(Closed) Missing my G-ma

posted 8 years ago in Emotional
Post # 3
Member
294 posts
Helper bee
  • Wedding: October 2010

I know what you mean. My grandmother was awesome and I too am sad she will not be there on my big day. Maybe you can honor your grandma in a special way at the ceremony? I’m having one single gardenia placed on the first pew next to where my parents are sitting. Gardenias were my grandmother’s favorite flower so for me, it’s as though she is there watching in spirit. 

Post # 4
Member
2719 posts
Sugar bee
  • Wedding: August 2010

Awww. All I can say is I’m sorry! 🙁 I agree with Ms iPhone-honor her somehow with a single flower, a memorial candle or having a remembrance section in the program.

Post # 5
Member
300 posts
Helper bee
  • Wedding: October 2010

Hugs. I totally feel your pain. My grandma died 7 years ago when we weren’t expecting it and my grandpa died tlast November after a 2 year battle with cancer. Watching him suffer was the most painful that I’ve ever done in my life. My Fiance proposed 2 weeks after he died and I was (and still am) so sad that he won’t be at my wedding. There are still times I break down bawling because of how important he was to me and my entire family. Hang in there and know that you’re making your grandma proud.

Post # 6
Member
654 posts
Busy bee
  • Wedding: July 2010

I completely feel your pain. My grandpa died 4 1/2 yrs ago and its still hard. I’m blessed that my grandma is still with us but there’s definitely still a void. My grandpa would have been the one to walk me down the aisle which makes it even harder. I plan on tying a locket to my bouquet in rememberence but I definitely couldn’t do the flower on a chair as it would just be too hard for me. I find comfort in this song lyric from a Snow Patrol song “Even if you can not hear my voice I’ll be right beside you dear” Good Luck and remember she’s always there and its okay to be a baby about it sometimes, I am too 🙂

Post # 7
Member
6572 posts
Bee Keeper
  • Wedding: February 2010

i’m so sorry, i had grandparent issues as well. i was only able to have one grandparent at the wedding, my other grandparents were either too ill to make it or passed away. i felt awful for my husband who didn’t have any grandparents there. we did many different things to honor them; i wore my grandma’s gold bracelet, we used a tallis (prayer shawl) from each of our grandpa’s to cover our chuppah (wedding canopy), we used wedding pictures from parents, grandparents, greatgrandparents, etc. for our table numbers. my grandma who was there saw her picture (i put it at her table) and cried (happy tears), she was supposed to be married to my grandpa for 64 years a week before the wedding, but he passed a while ago.

Post # 8
Member
3 posts
Wannabee
  • Wedding: August 2010

I relate to your feelings all too well… My grandmother passed away last year and I cant help but feel somethign so large “missing” from all of this happiness… I think of how much my grandmother and my fiancee would have adored each other and joked and loved…it breaks my heart I wont be able to dance with her and give her this joy.

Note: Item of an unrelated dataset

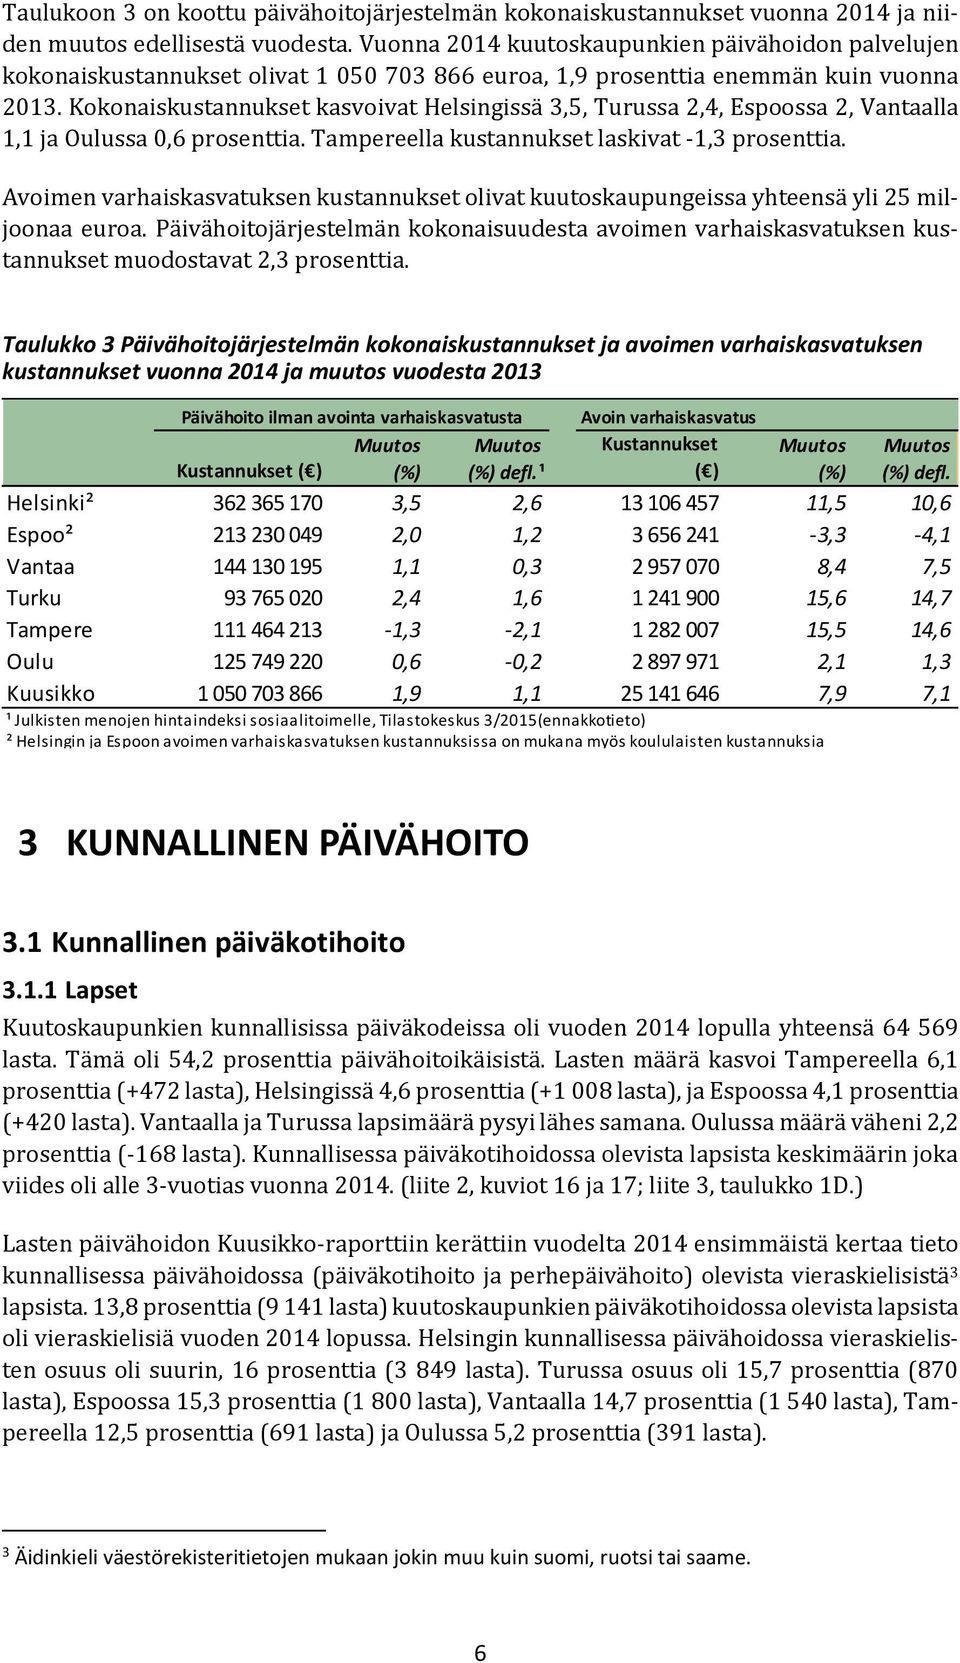 Kokonaiskustannukset kasvoivat Helsingissä 3,5, Turussa 2,4, Espoossa 2, Vantaalla 1,1 ja Oulussa 0,6 prosenttia. Tampereella kustannukset laskivat -1,3 prosenttia.

I’m working on getting creative to incorporate some things into my wedding as well. She used to cover her hair in synagogue with these lace doilies that I’m going to wrap my bouquet in. I’m so thrilled to have my hands wrapped around those throughout the ceremony… almost like holding her hand. I will also be using my grandfathers prayer shawl (talis) as my chuppah… I’m still thinking of ways to incorporate them more, but I know that they’re joyful whereever they are!!

Wishing you love and comfort. Know how happy she’d be for you right now! Try to imagine her laugh and her hug! Let them be a source of encouragement and pride for you rather than getting you down!!!